Activity: Would you reproduce the data below exactly, please, leaving out its images?

Supplied data:
★ ★ ★ ★ ★ ★ ★

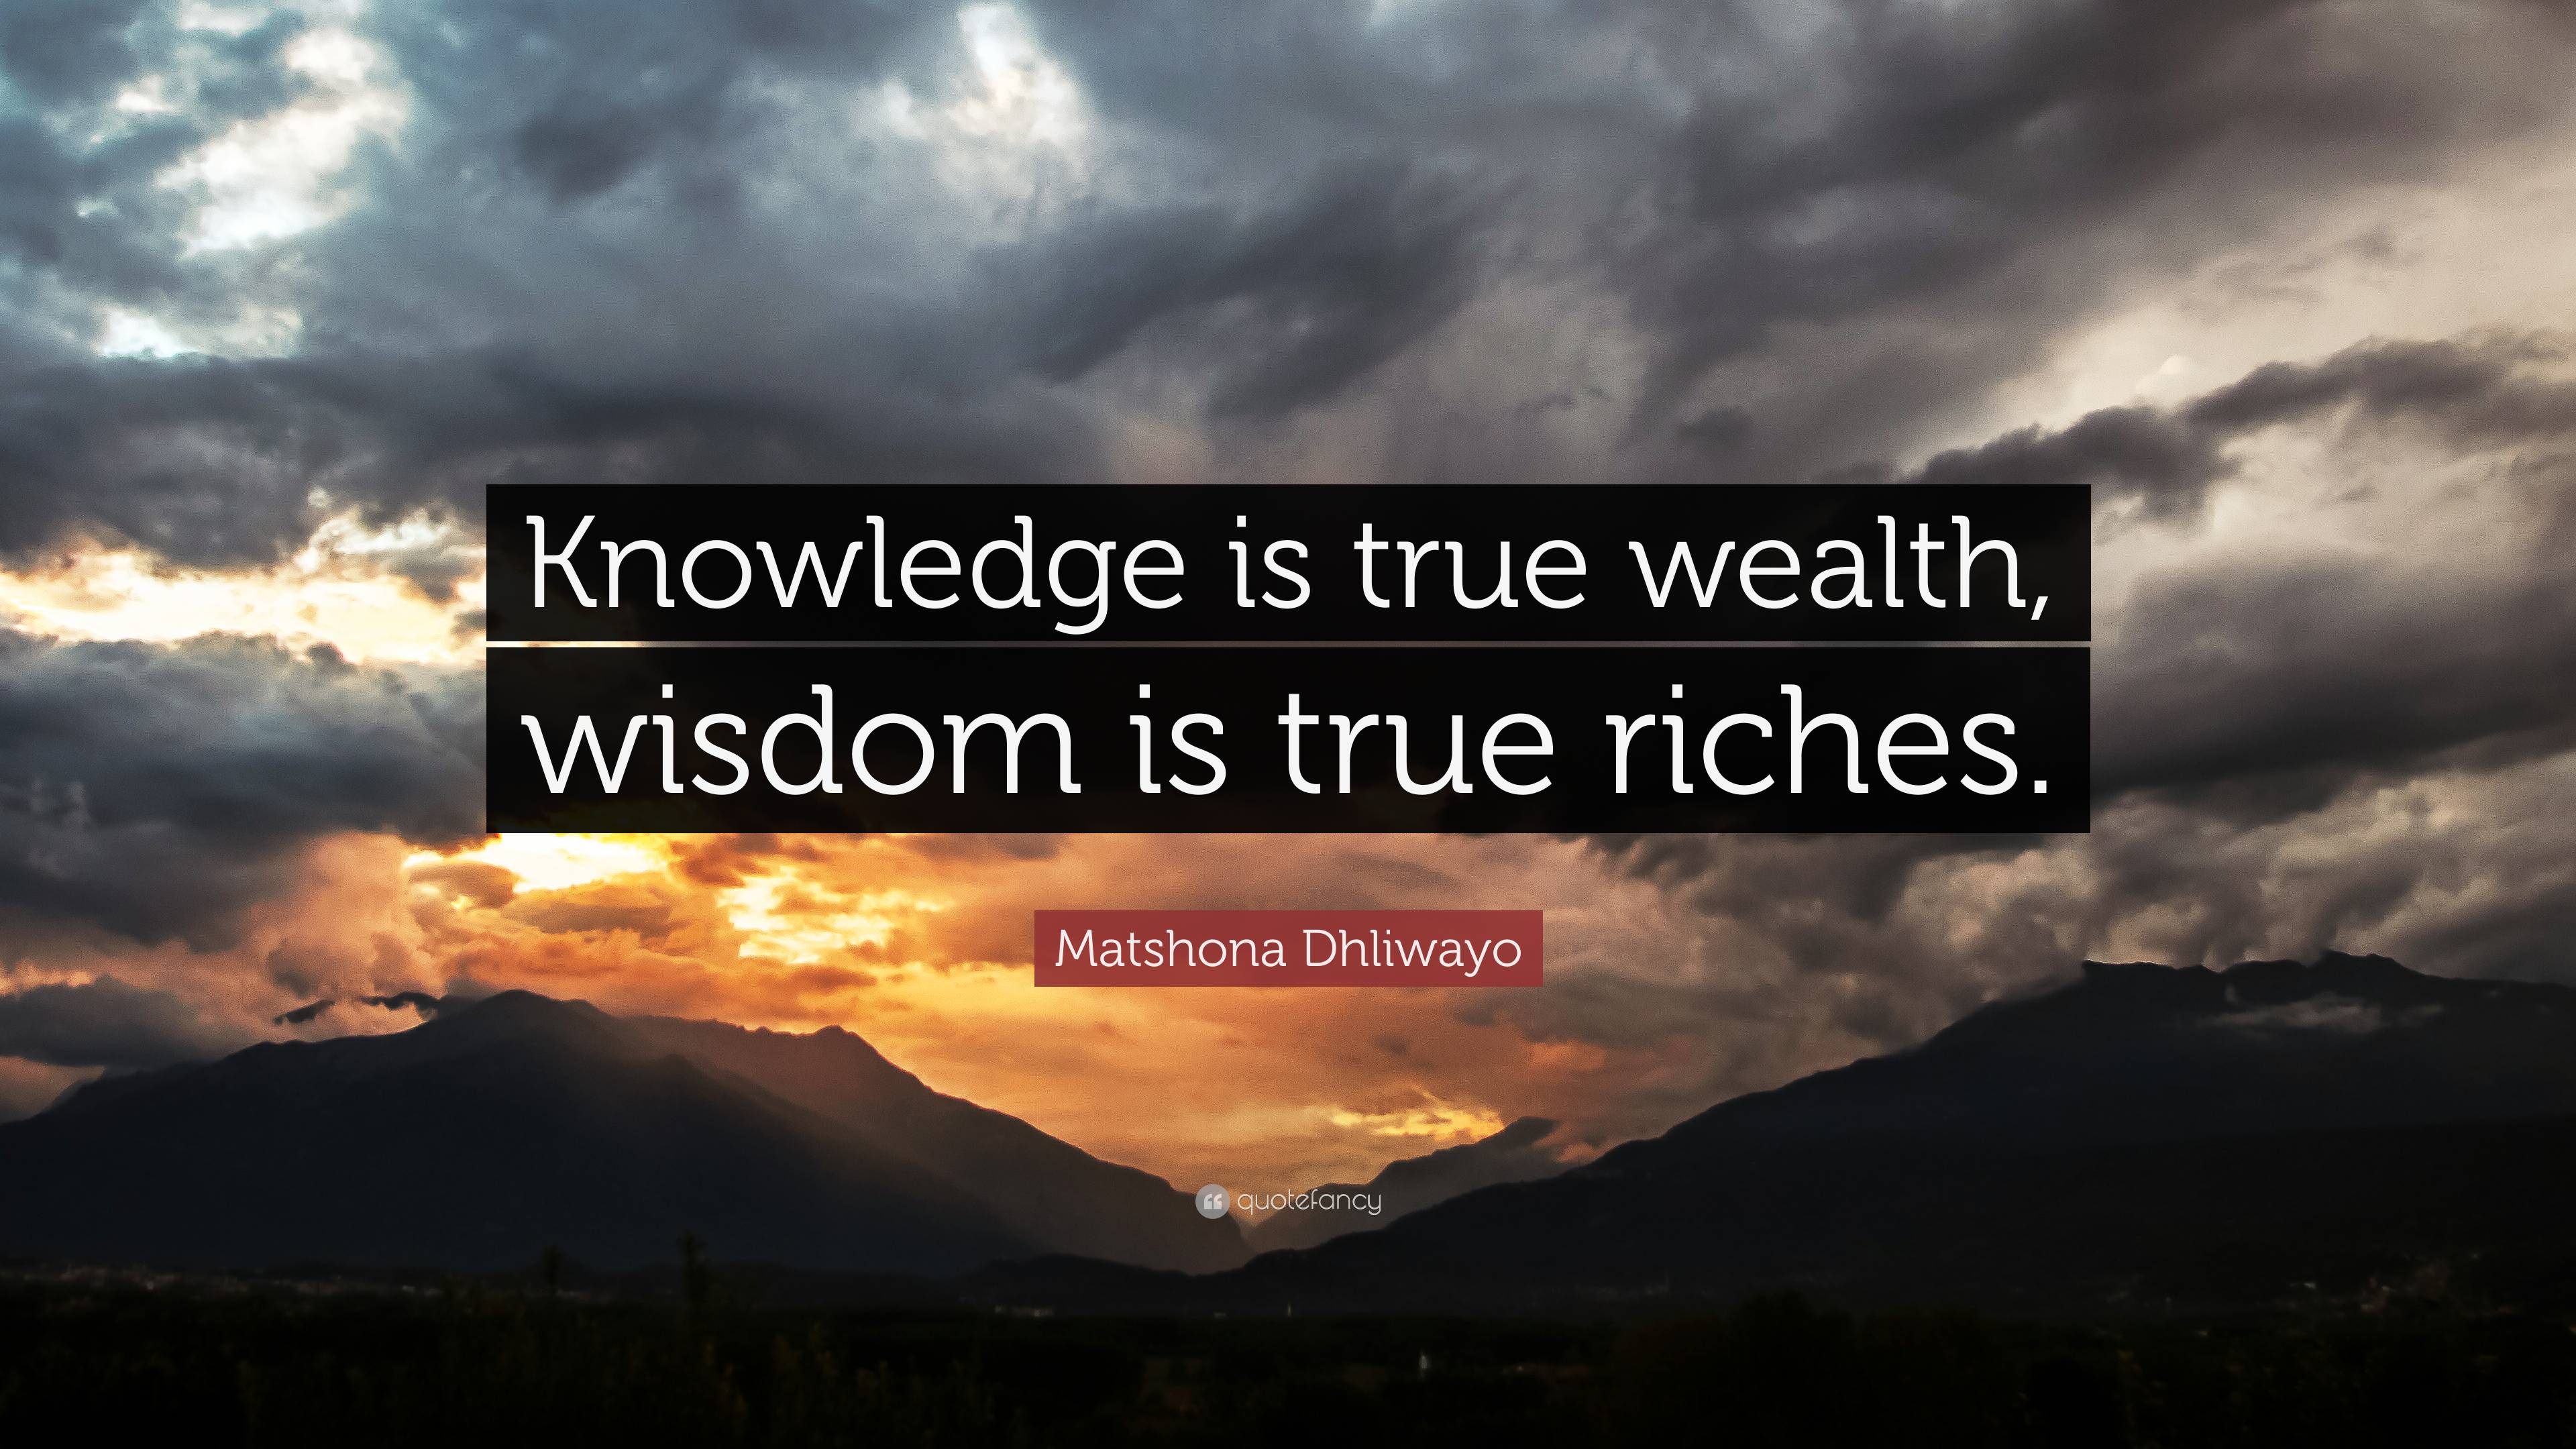 speech on knowledge is wealth
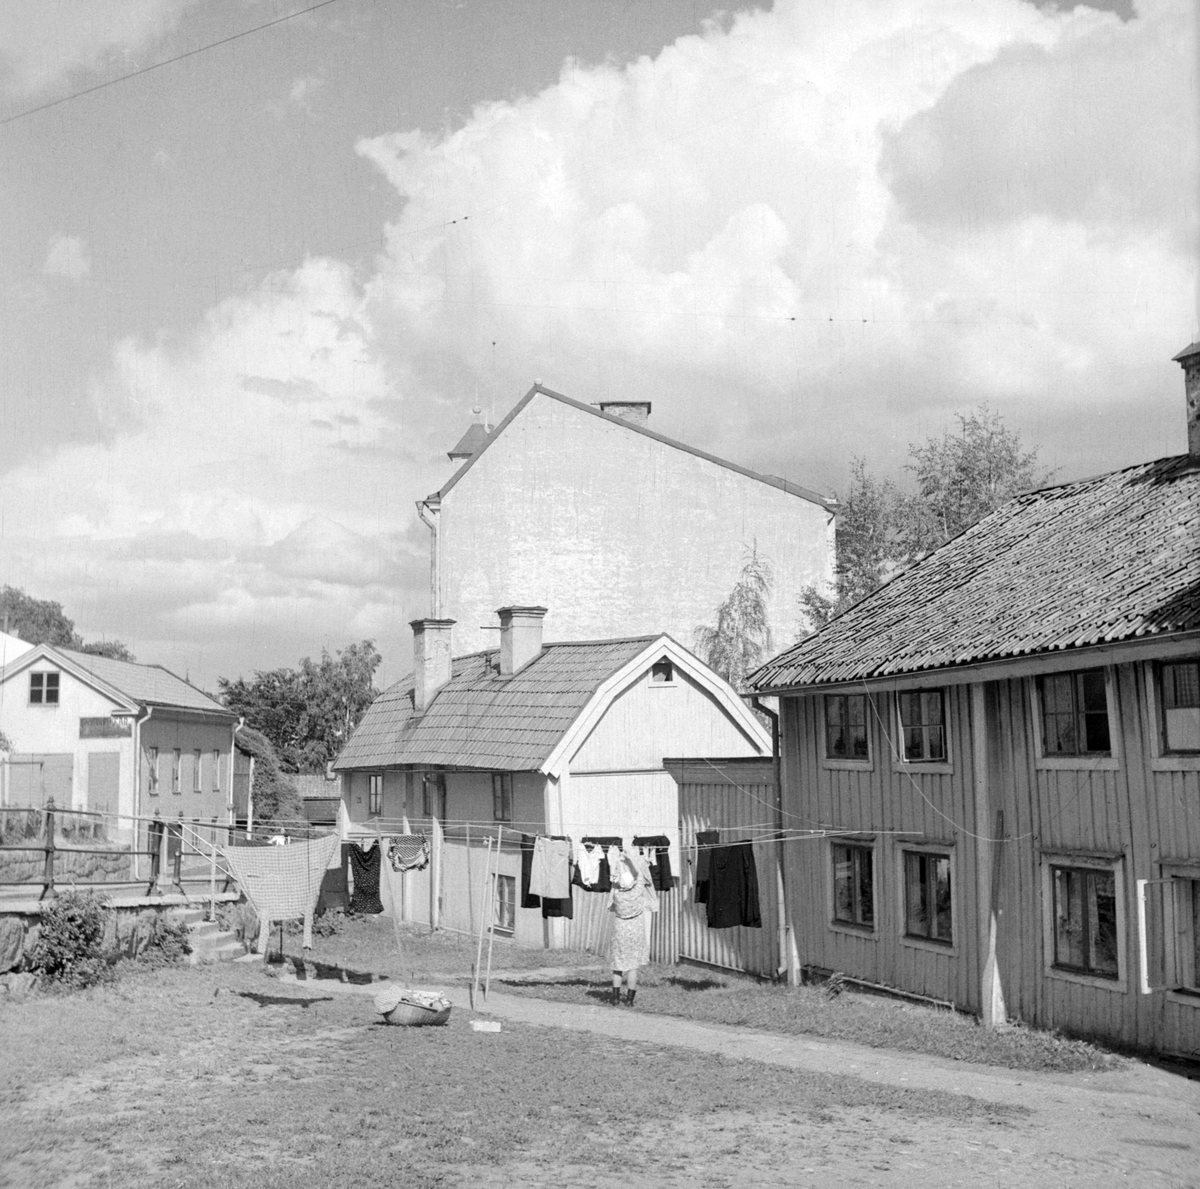 Miljön vid Nygatans övre del. Husen till höger bar vid tiden adresserna Nygatan 62 följd av nummer 58. Deras vinkelställda lägen mot gatan förklaras av att de i äldre tid låg utmed Sankt Korsgatans västra del, som lades igen när Nygatan förlängdes under 1870-talet. Närmast den så kallade Anderska gården. Uppkallad efter konstnären Knut Ander (1873-1908), som växte upp i huset. Bostadshuset och tillhörande stall monterades ned 1954, för att året därpå återuppföras i Gamla Linköping. I huset med det brutna takfallet bodde länge systrarna Elin, Nanna och Sigrid Pettersson. Även detta hus kom vidare att flyttas till Gamla Linköping, där det stod återuppfört 1963 som Systrarna Petterssons gård.
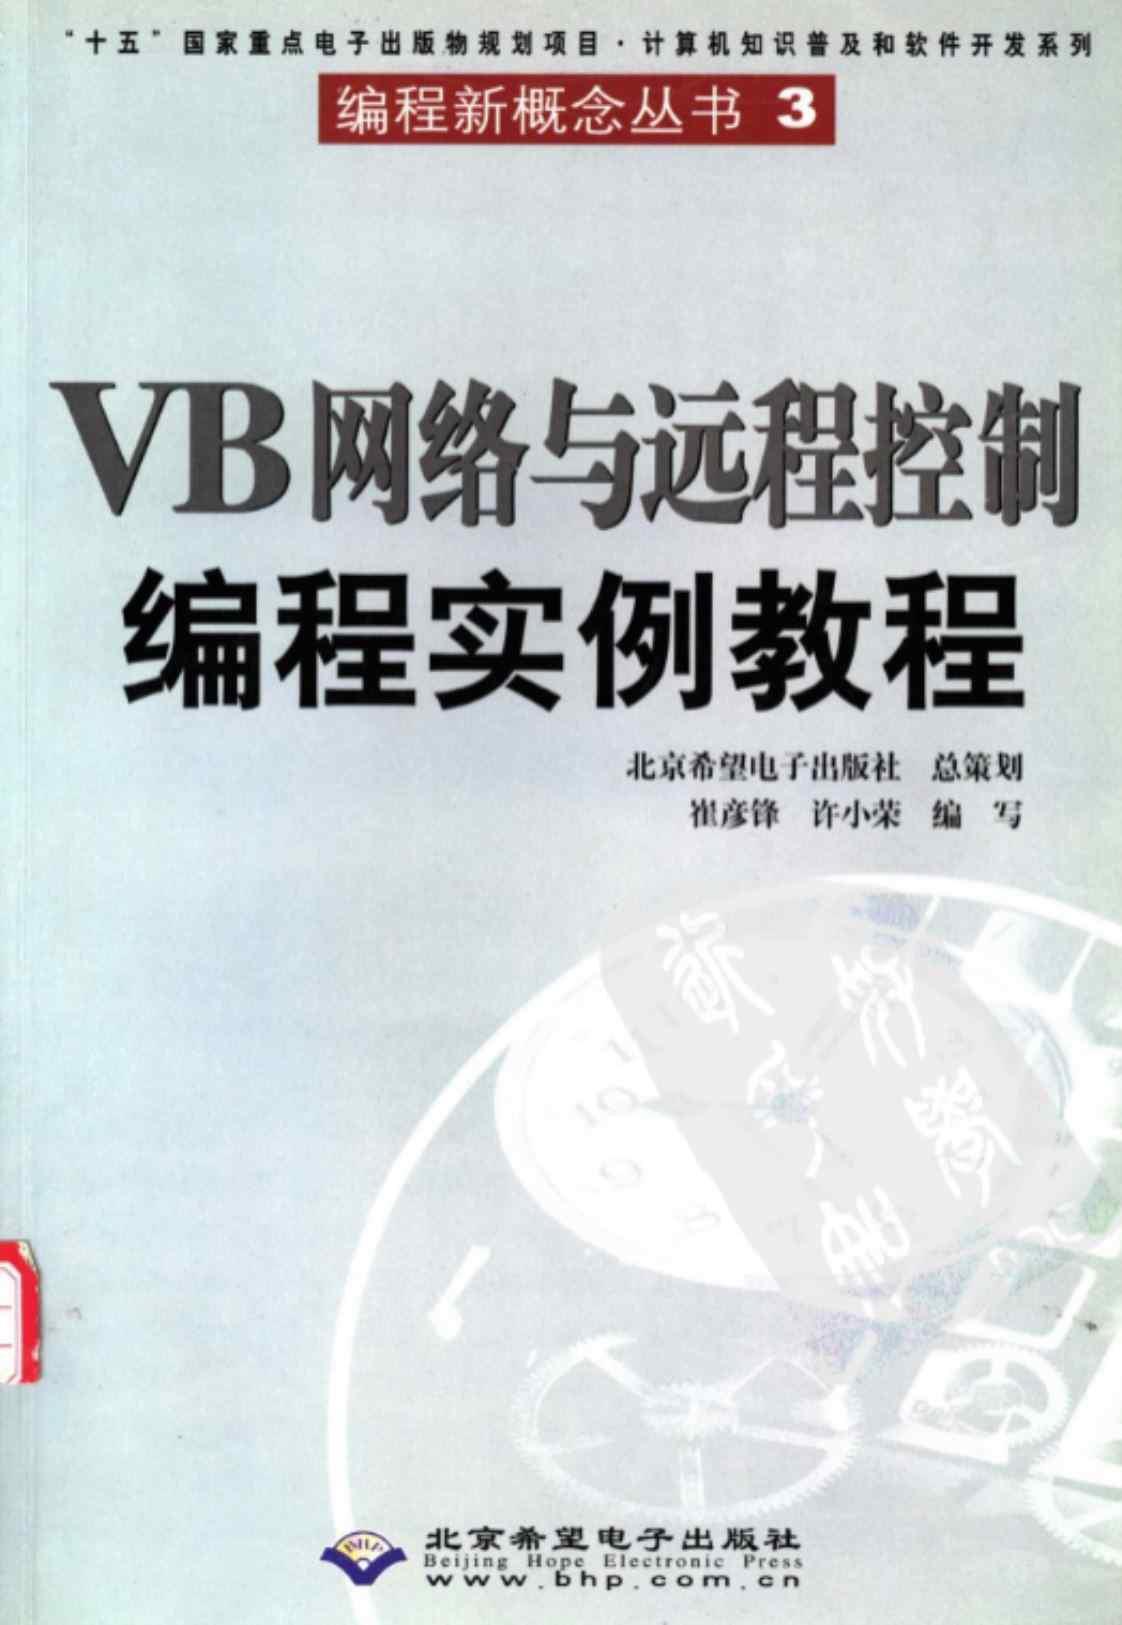 [VB网络与远程控制编程实例教程]高清PDF电子书
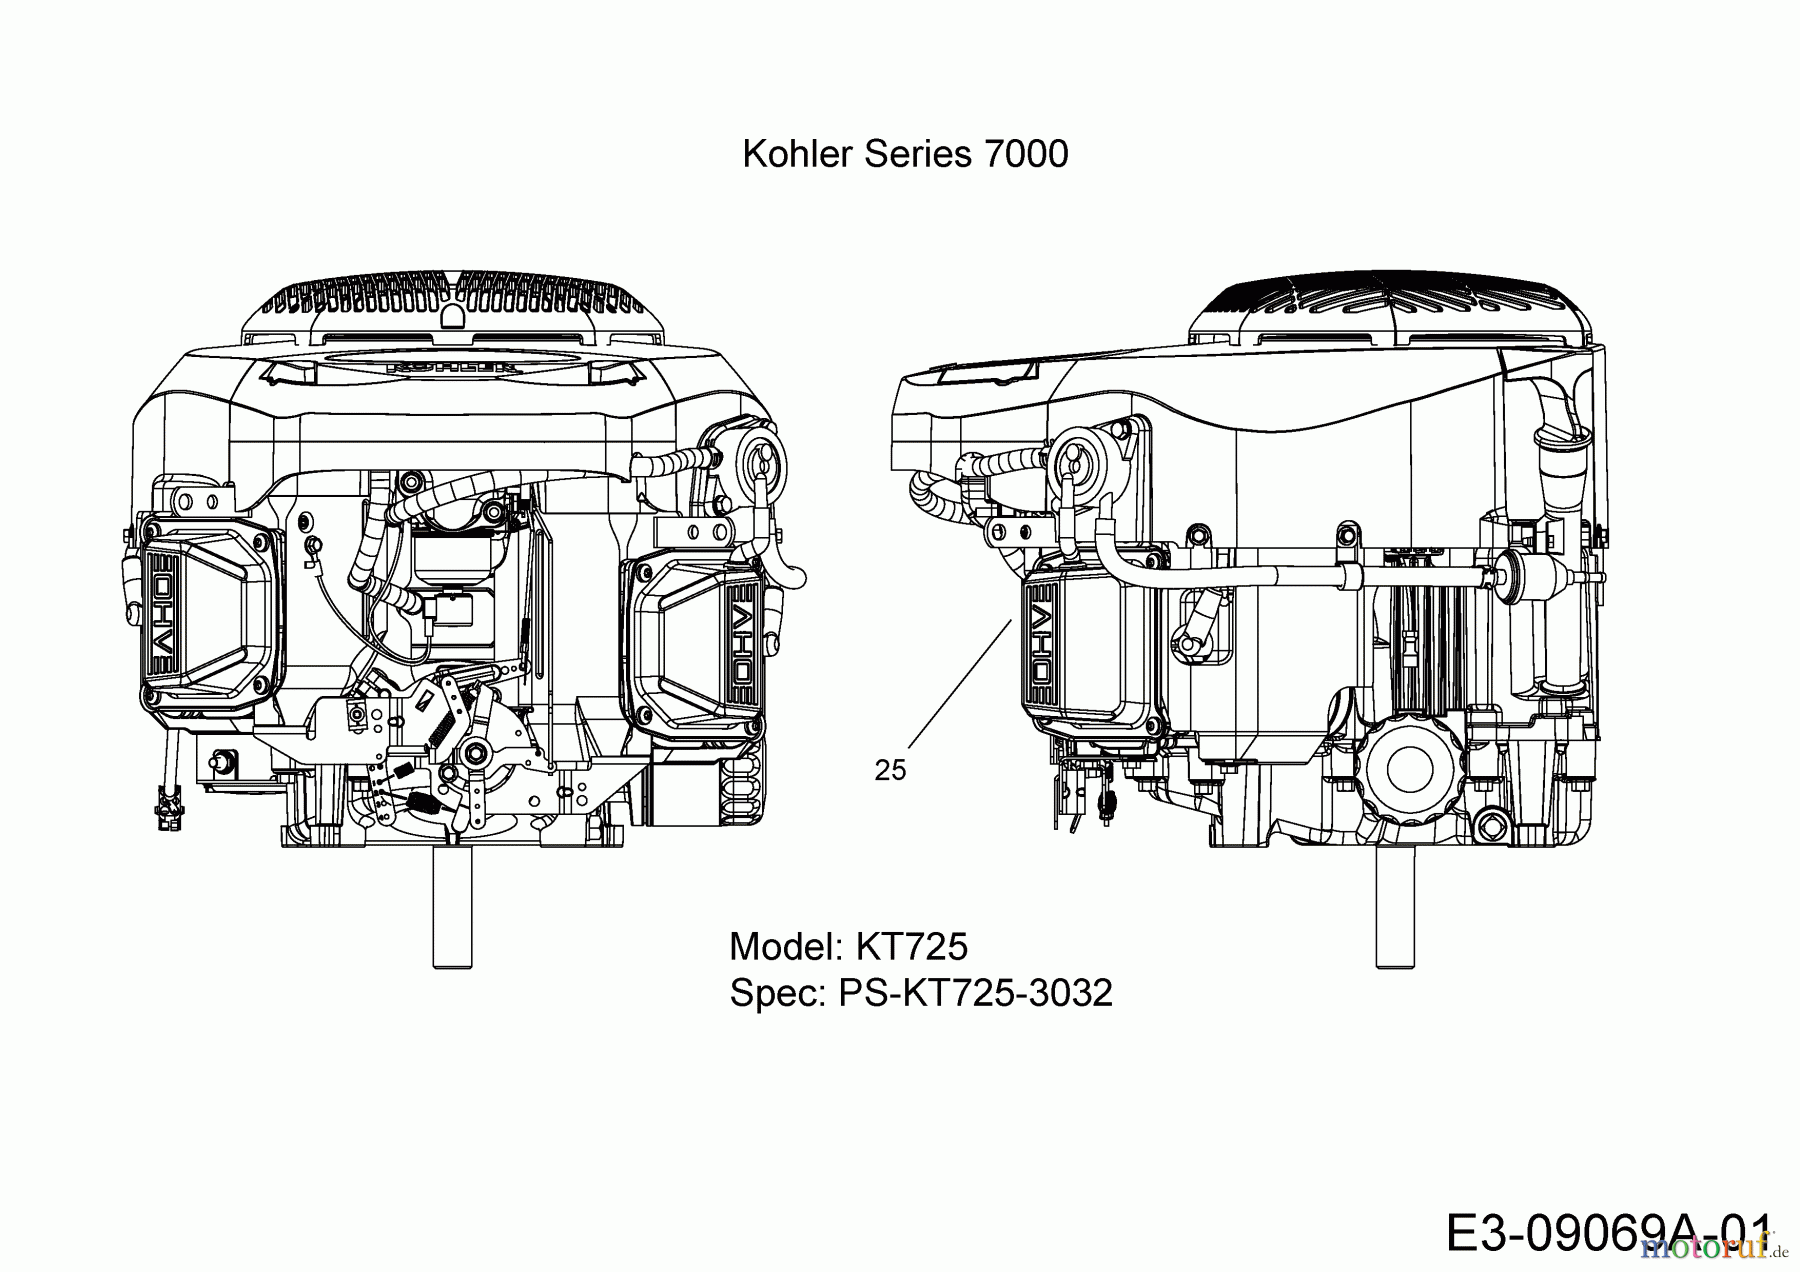  Massey Ferguson Rasentraktoren MF 36-22 HG 13HP91GI695  (2015) Motor Kohler

★ ★ ★ ★ ★ ★ ★

Exercise solution:
 speech on knowledge is wealth
 Miljön vid Nygatans övre del. Husen till höger bar vid tiden adresserna Nygatan 62 följd av nummer 58. Deras vinkelställda lägen mot gatan förklaras av att de i äldre tid låg utmed Sankt Korsgatans västra del, som lades igen när Nygatan förlängdes under 1870-talet. Närmast den så kallade Anderska gården. Uppkallad efter konstnären Knut Ander (1873-1908), som växte upp i huset. Bostadshuset och tillhörande stall monterades ned 1954, för att året därpå återuppföras i Gamla Linköping. I huset med det brutna takfallet bodde länge systrarna Elin, Nanna och Sigrid Pettersson. Även detta hus kom vidare att flyttas till Gamla Linköping, där det stod återuppfört 1963 som Systrarna Petterssons gård.
 [VB网络与远程控制编程实例教程]高清PDF电子书
  Massey Ferguson Rasentraktoren MF 36-22 HG 13HP91GI695  (2015) Motor Kohler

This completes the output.